Bankruptcy Roundup: Argentina, GM, Radio Shack, Revel

US District Judge Thomas Griesa held Argentina in contempt of court September 29, a rare though not unprecedented move, in connection with the troubled nation’s ongoing sovereign debt disputes. Argentina had been ordered previously to make payments to two US-based hedge funds before other bondholders, but has yet to do so. The Argentinean government responded defiantly by placing $161 million in bond interest payments into a state-run financial institution that is not subject to US control and by declaring that the payment showed its commitment to its bondholders.

General Motors returned to an investment grade rating with Standard & Poor’s (S&P) for the first time since its bankruptcy and subsequent government bailout last decade. S&P analysts believe that the recent auto recall and scandal that ensued from allegations of withheld information regarding auto defects, some blamed for fatalities, will have only a small impact on the company going forward. GM tried to use its earlier restructure to shield itself from financial responsibilities stemming from safety incidents occurring around the time of the bankruptcy.

Radio Shack received good news, a rarity for anyone in the retail electronics field of late, as a hedge fund with significant holdings in the company agreed to pump in needed financing to prevent the company from becoming insolvent in 2015. That sector and specifically Radio Shack, which was noted in an NACM Industries to Watch article in August 2013, is comprised of a high number of financially overleveraged retailers with a multitude of problems such as oversized stores, too many locations, an inadequate response to e-commerce strategy and notoriously poor management decisions. Radio Shack did try to trim its number of stores and hours of operations to save money, but has continued to rack up quarterly losses.
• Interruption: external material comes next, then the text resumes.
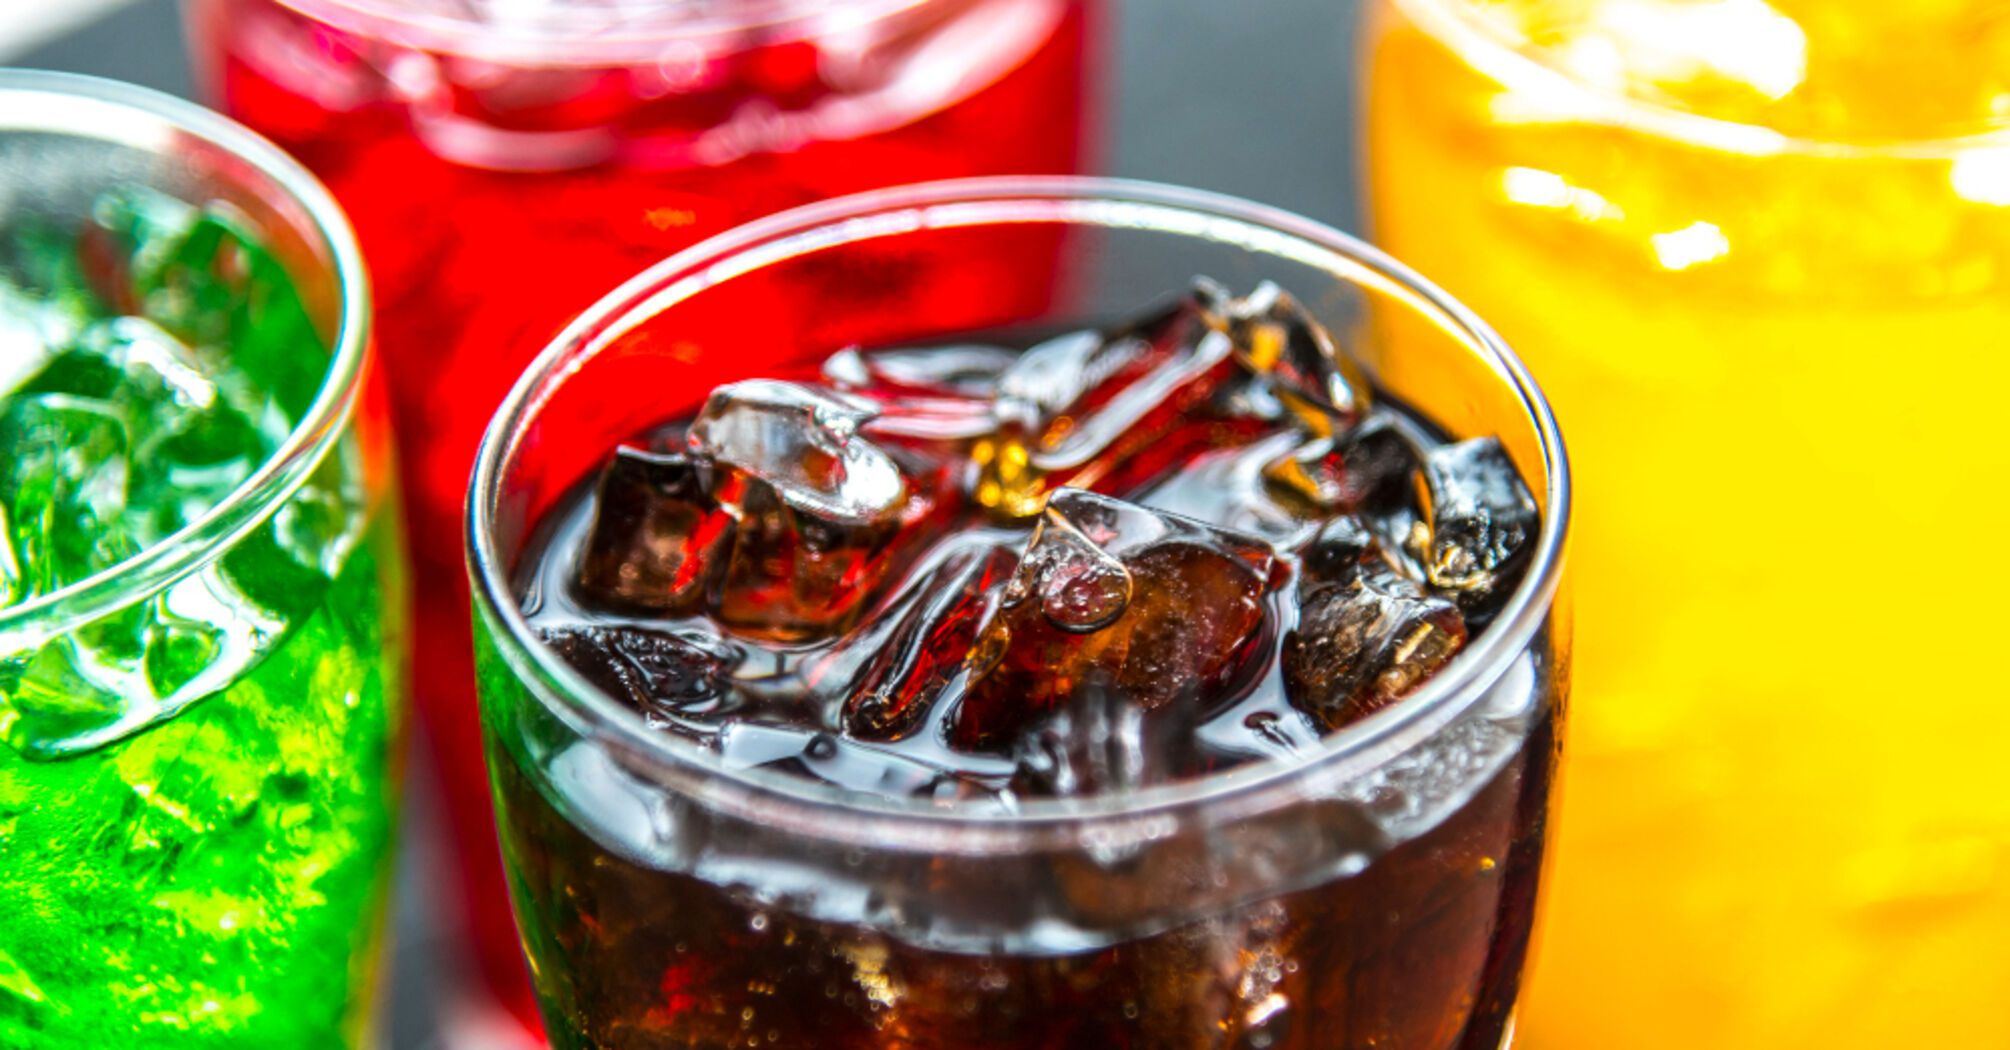 Как потребление сладких напитков влияет на здоровье и почему 'налог на сахар' нужен

Revel Casino may have some life left after all. Its September bankruptcy auction drew at least two buyers, with a winning bid hitting $110 million for the two-year-old, lavish Atlantic City property that cost more than $2 billion to build. The winner, Brookfield Asset Management, seems intent on reopening the property as a casino even though Revel was one of one of four Atlantic City gaming operations to shutter its doors in 2014 because of oversaturation in the industry in the region and weakened demand in a still lackluster economy.